Birth date: May 30, 1974.Education: Berea College, B.A.; St. Louis University School of Law, J.D. Occupation: Lawyer.Previous offices held: None.Family: Wife, Shana; two children.Why I’m running: “I believe in public service. I have lived it throughout my adult life and when presented with an unexpected opportunity to serve again, I didn’t want to let it pass.”Proudest accomplishment: “My family is very important, as is being able to say I’ve given back to my community and my country.”Contact information: firstname.lastname@example.org; pinkstonforcongress.com; 817-4443.

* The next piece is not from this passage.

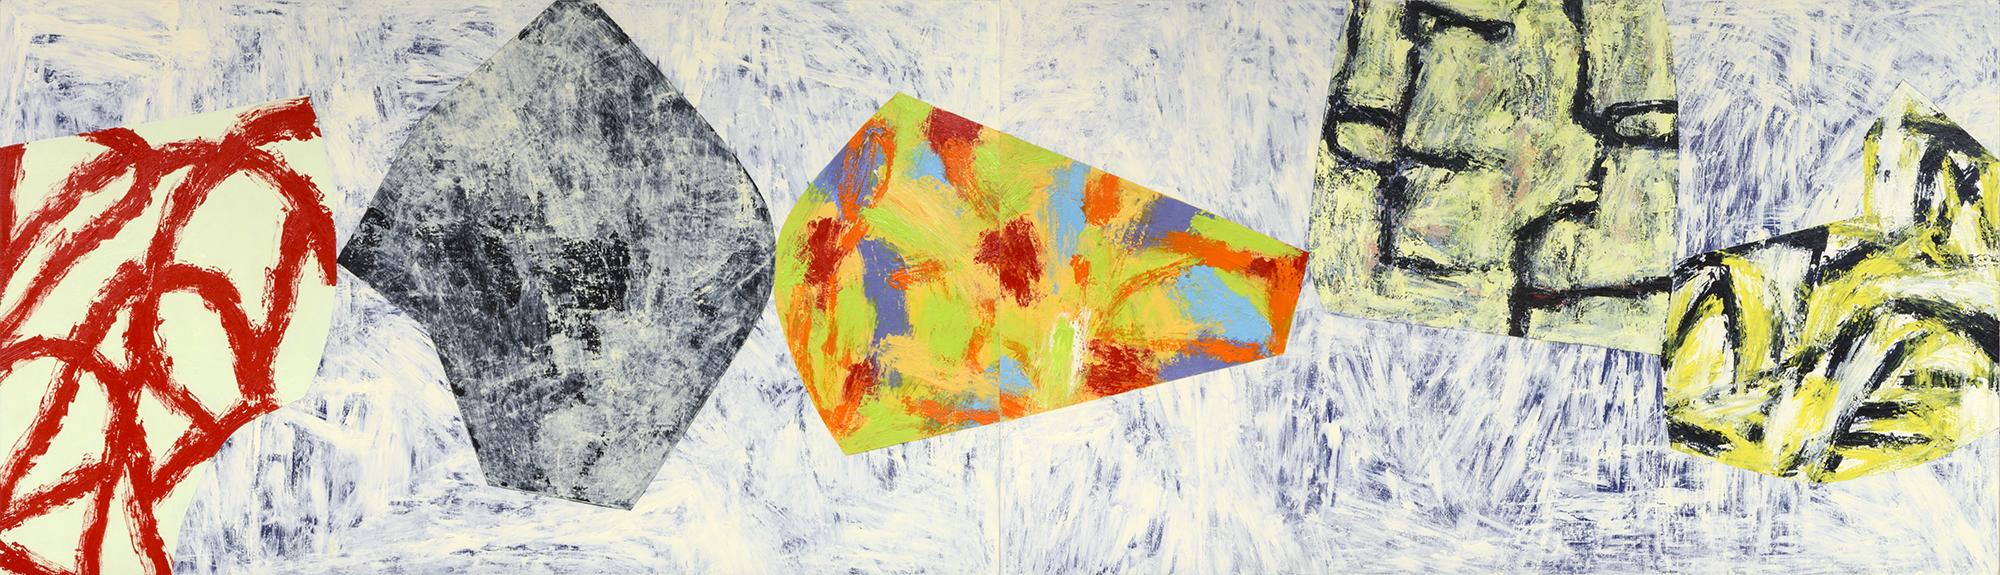 "Modern Dance / 15   Jerrold Burchman  BU286  Acrylic on Wood Panel  24"" x 84"""
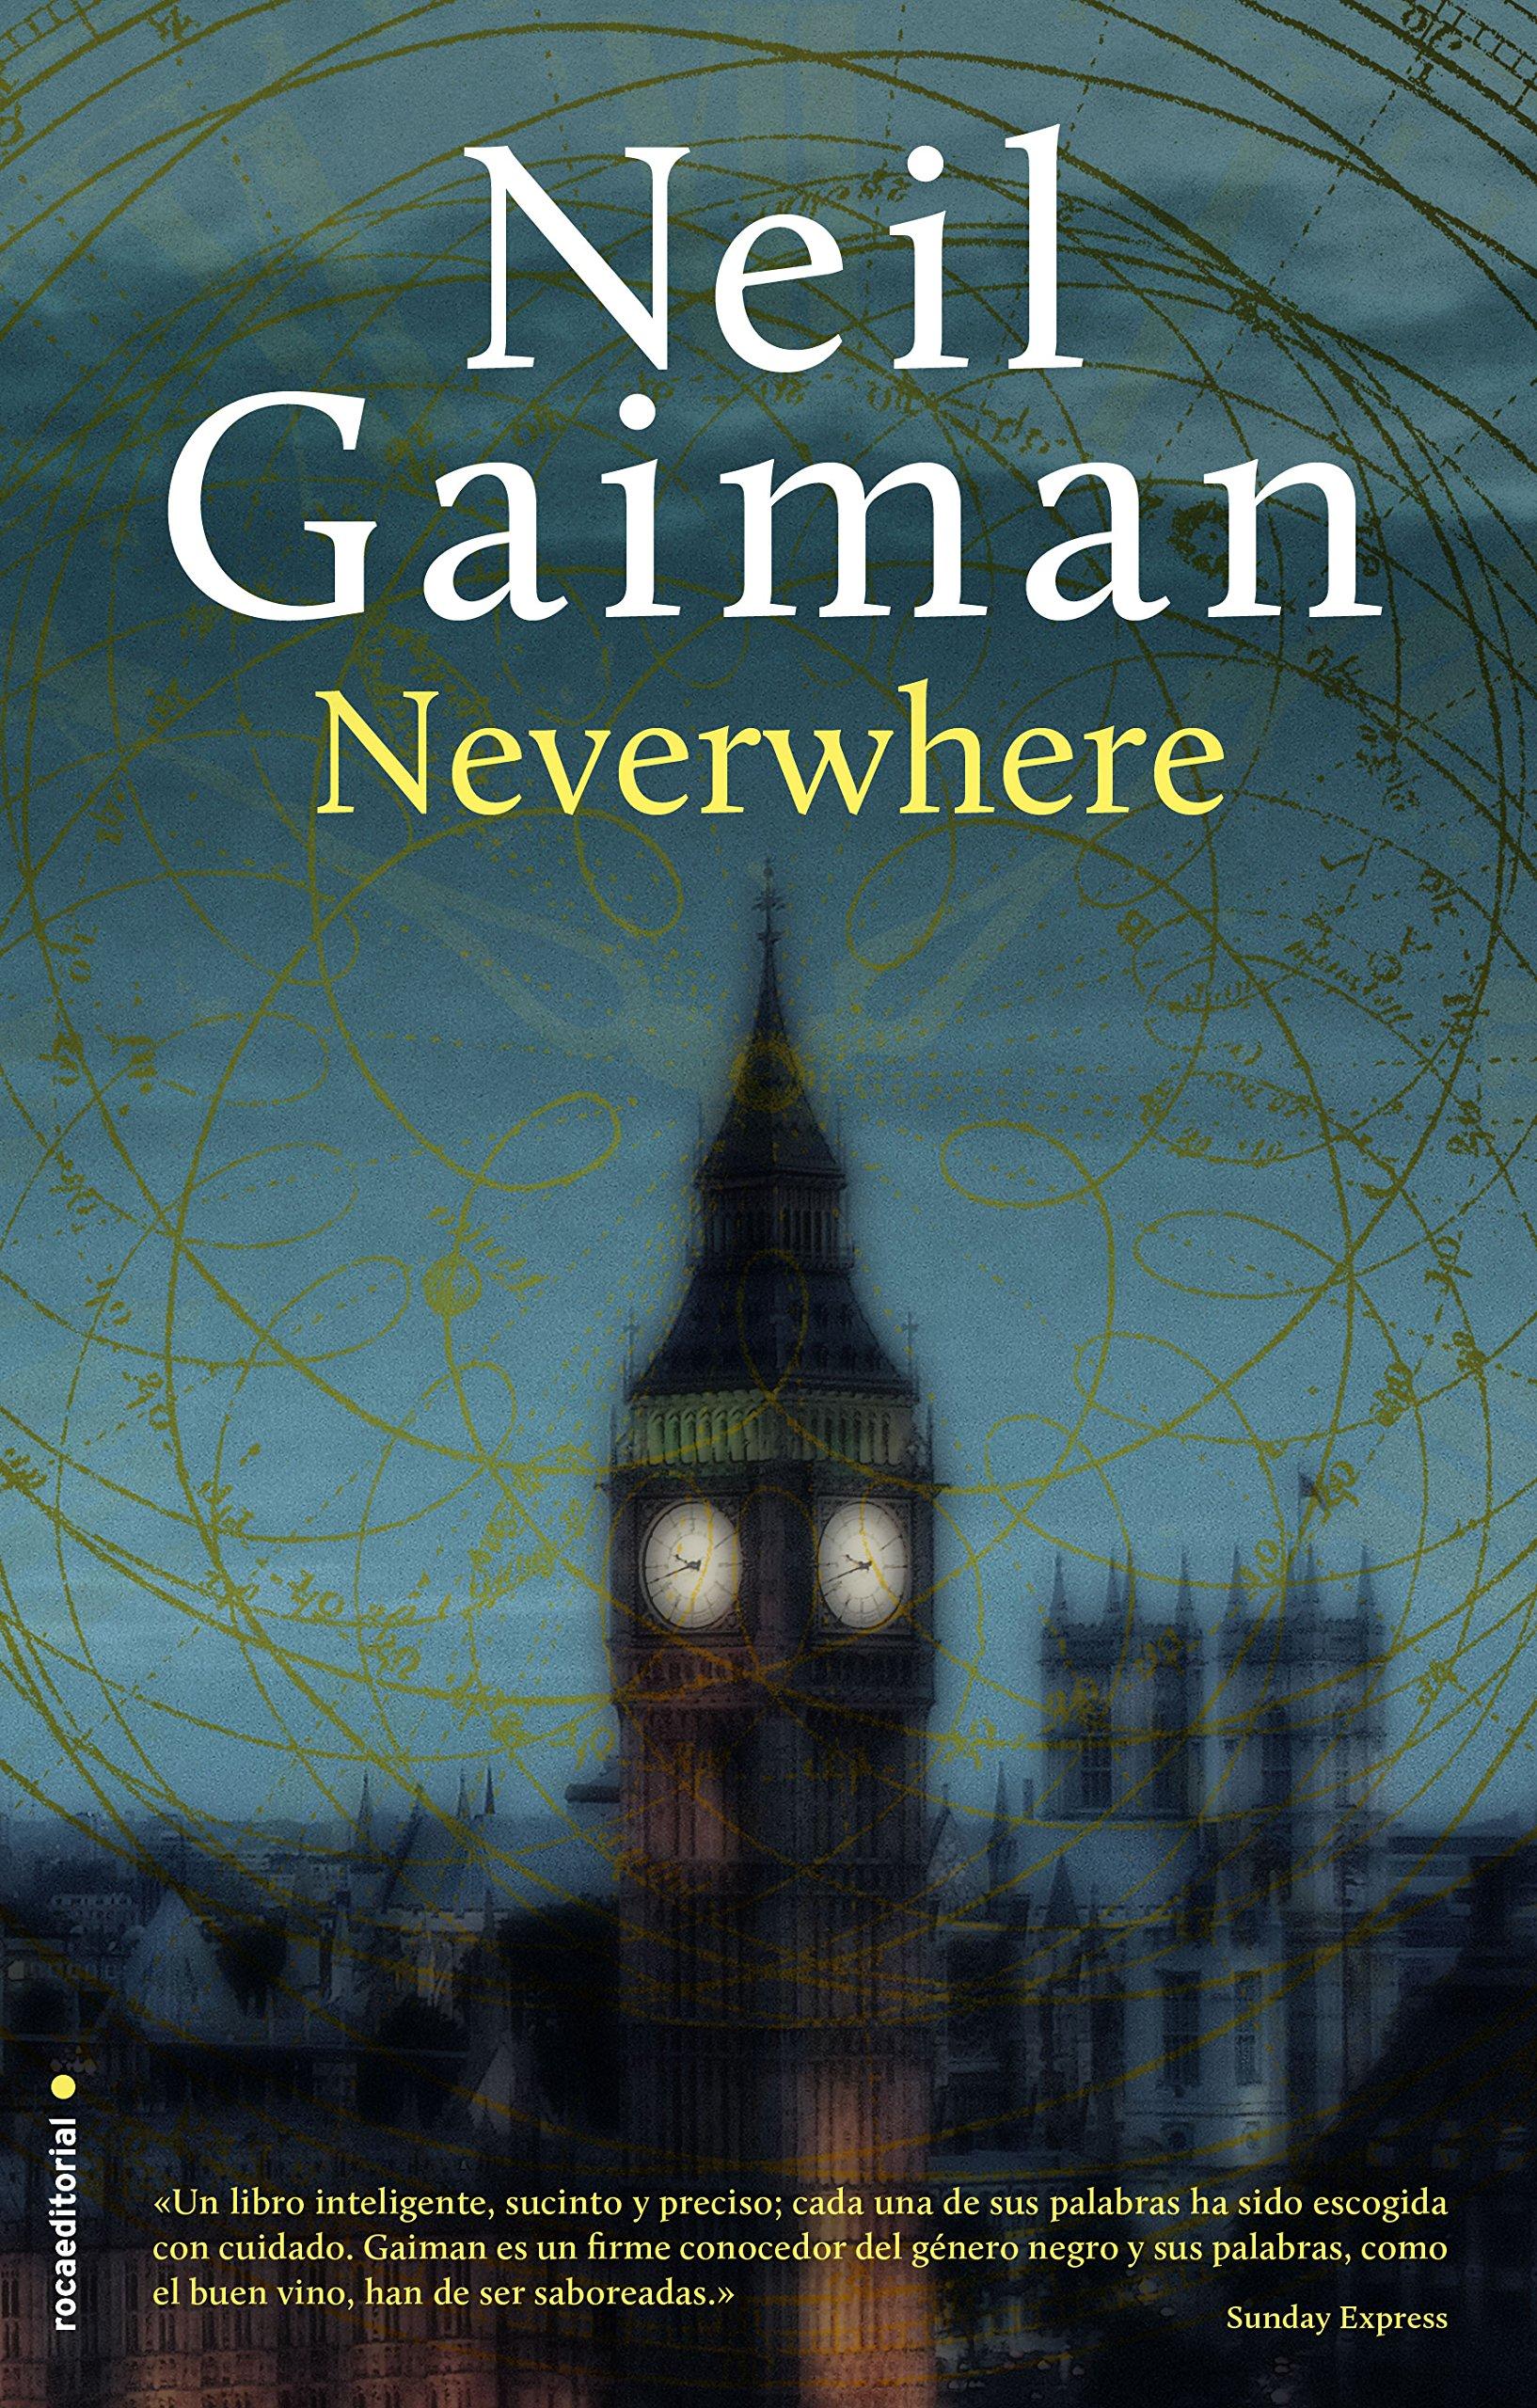 Neverwhere (Novela (roca)) Tapa dura – 15 oct 2015 Neil Gaiman Mónica Faerna Roca Editorial 8499189520

Shawn Pinkston remembers his father coaching Little League as a way of giving back to the community, and Pinkston’s campaign for the 1st Congressional District seat stemmed from the same thinking, a desire to give back.
March 19: Republican and Democratic primariesApril 2: Primary runoff (if needed)May 7: Special election
Of course, a lot has happened between Pinkston’s youth and today, where the 38-year-old Daniel Island lawyer finds himself among 16 Republicans hoping to win U.S. Sen. Tim Scott’s old House seat.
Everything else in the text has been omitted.